A Vancouver city councilor is defending herself from an ethics complaint brought against her just weeks ahead of the November general election.

Councilor Kim Harless is the subject of an ethics complaint filed Aug. 29 by Brad Erhart. The Vancouver resident alleged that Harless didn’t disclose a relationship with her then-boyfriend John Park when she served on a board that oversaw tourism grants in the city.

As executive director of Vancouver Arena, Park helped organize the Vancouver GoFest over the past three years, a scavenger hunt-type event themed around Pokémon Go, in which fans search for the fictional characters in the real world using mobile devices. Vancouver Arena received $29,750 in grants from the city of Vancouver to organize GoFest while Harless was the chair of the city’s Lodging Tax Advisory Committee.

“As Chair of LTAC and a member of the City Council, Harless participated in the review, deliberation, and approval processes for these grants without disclosing her relationship with Park and without recusing herself from the proceedings,” reads a complaint letter from Erhart.

The city’s legal council dismissed three of Erhart’s four allegations earlier this month, and Harless said she routinely checked with the city attorney if there was ever a question about recusing herself from votes. The fourth complaint that is now being investigated asks whether Harless created the “appearance of impropriety” when serving on a city board that awarded grants to an organization where her then-boyfriend, Park, worked.

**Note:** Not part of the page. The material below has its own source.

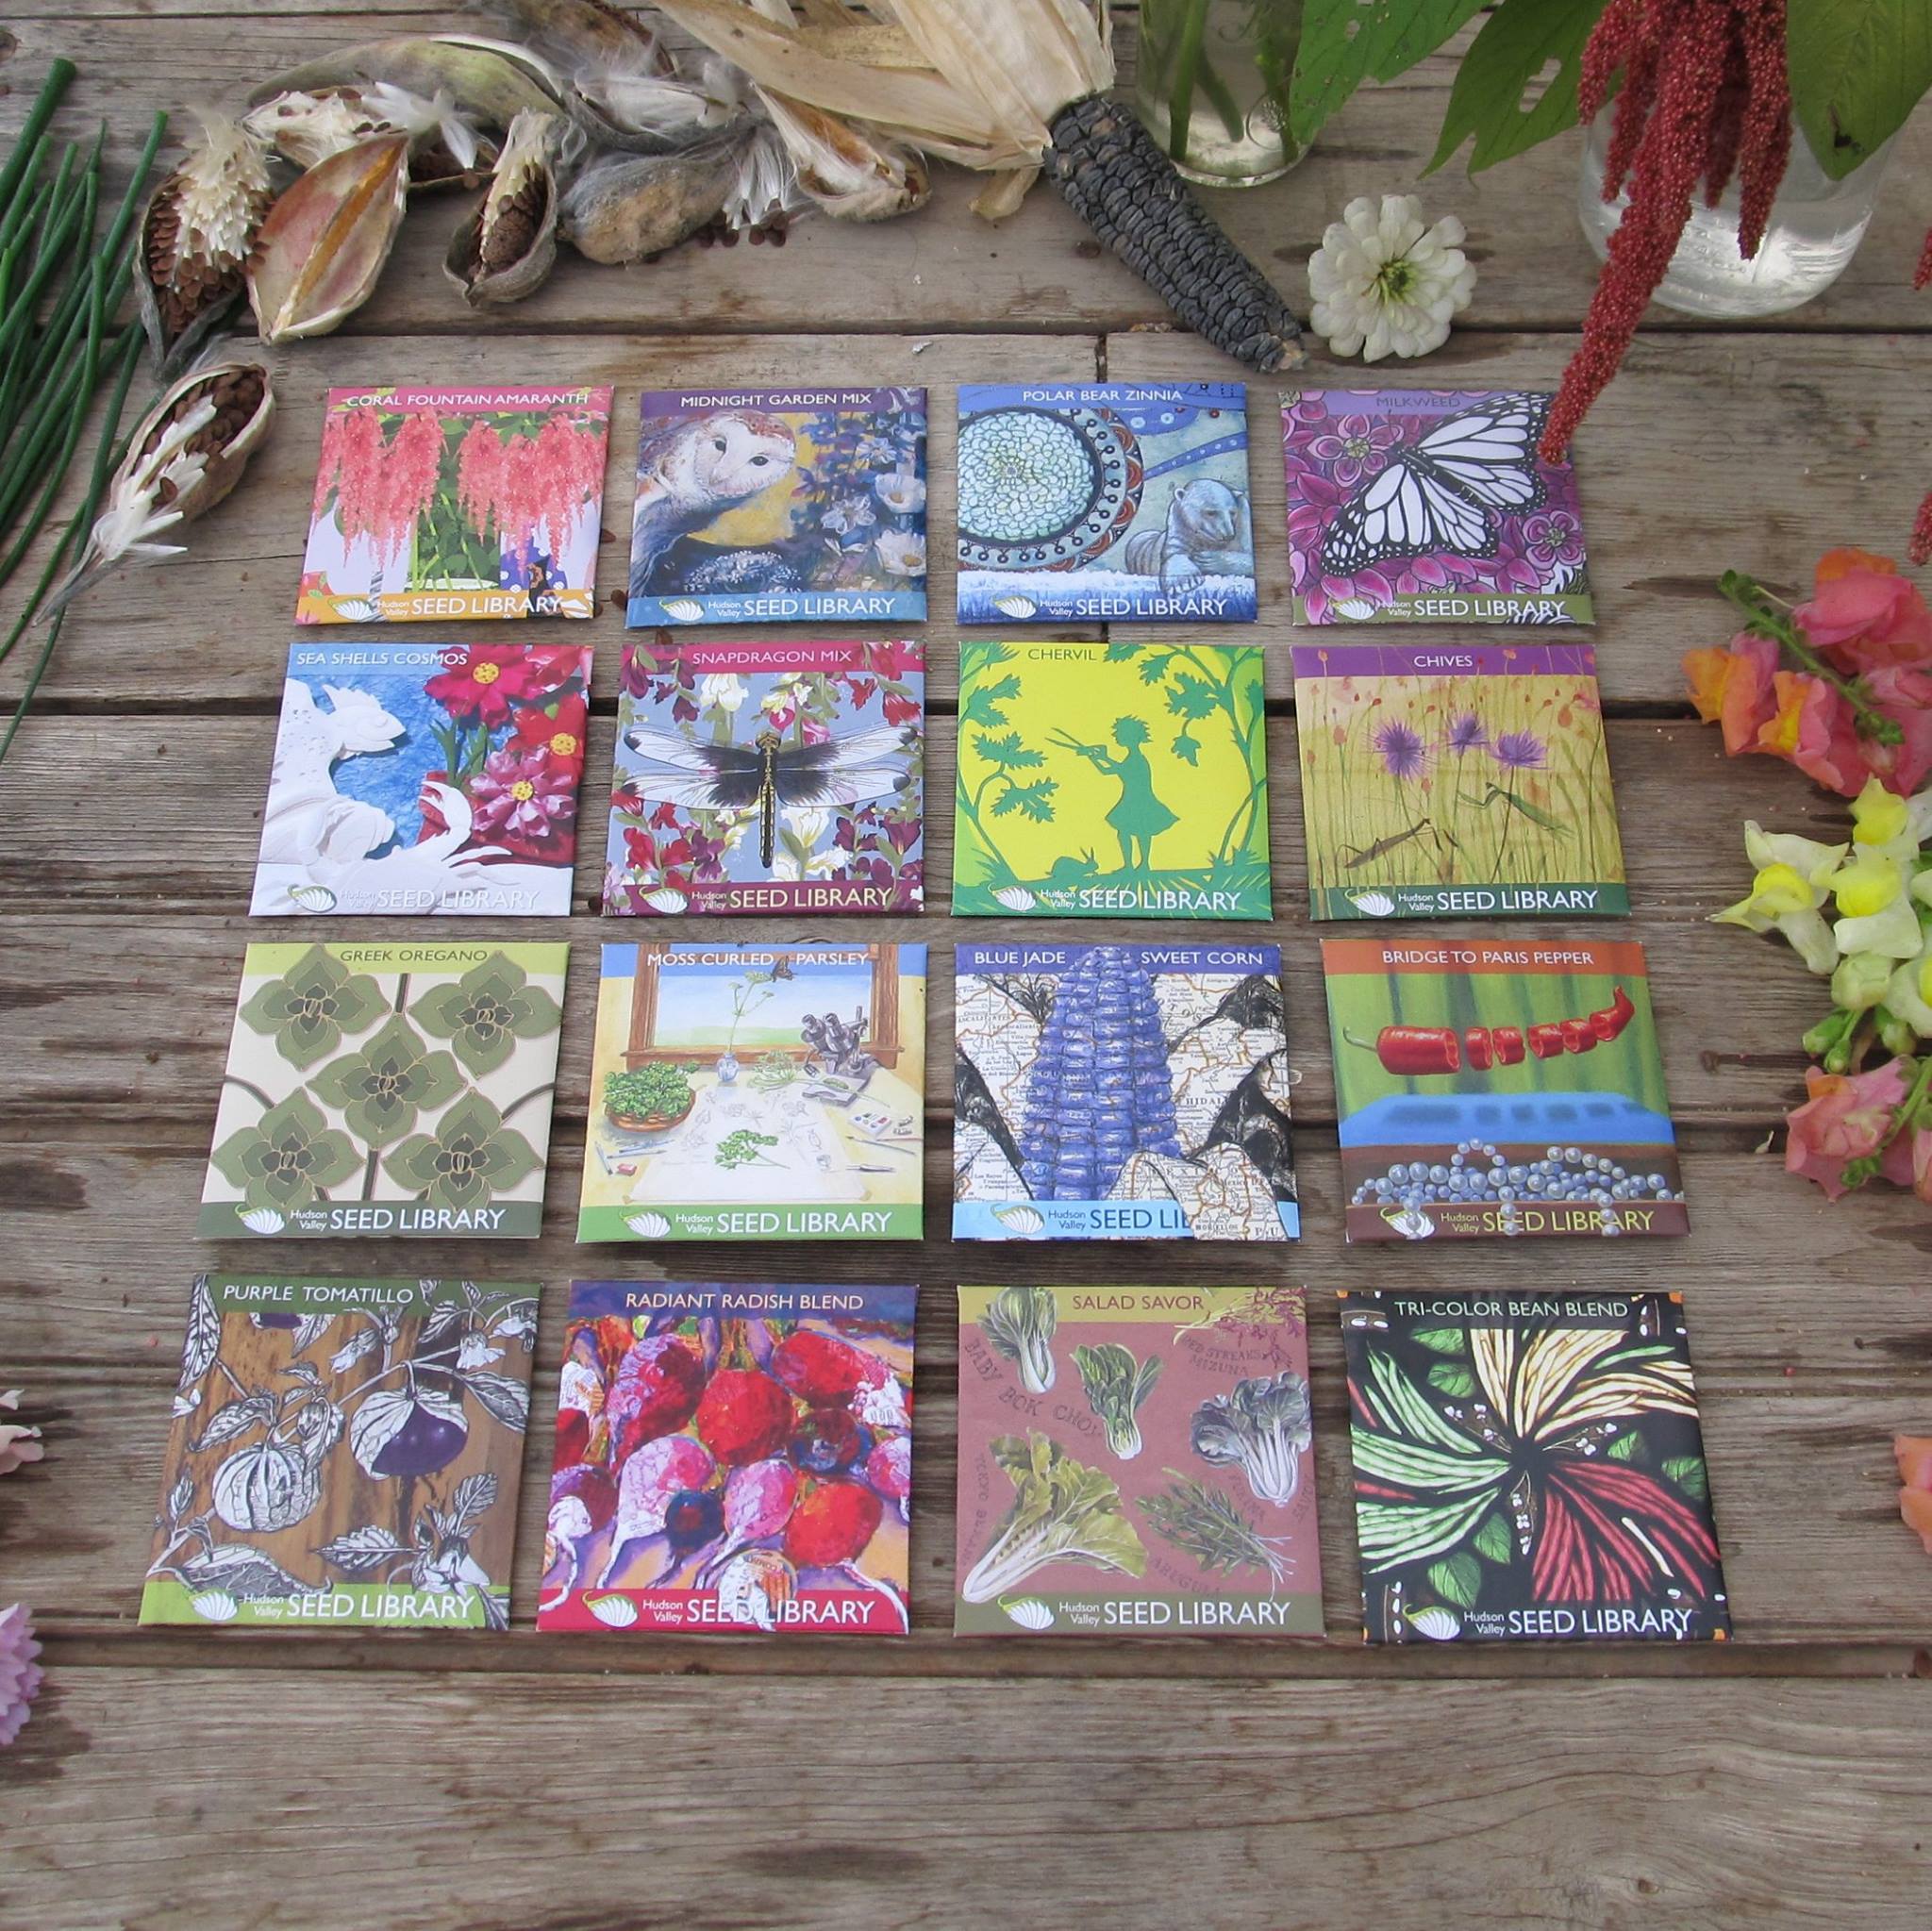  An artfully crafted selection of seeds from the Seed Library

During a Monday night City Council meeting, Vancouver City Attorney Nina Cook said an investigation into the remaining council policy would be delayed because of scheduling conflicts until after the Nov. 4 election, in which Harless will be on the ballot.

“It’s obviously a shot at trying to drag my name through the mud in order to steal votes and confuse the public,” Harless said. “It’s not a coincidence.”

Erhart was not immediately reachable for comment.

Harless is defending her council seat against Pooneh Gray in the November election. Gray took to her own campaign Facebook page on Oct. 10 to call the accusations involving Harless “self-dealing and corruption.”

Harless first took office on the City Council in 2022. Besides serving in city government, she’s the community engagement and policy director for the Native American Youth and Family Center.

The City Council’s ethics code itself is problematic, according to Harless, who said the policy is vague and subjective, and that an appearance of impropriety could easily be used against councilors who are active in Vancouver’s business and civic life.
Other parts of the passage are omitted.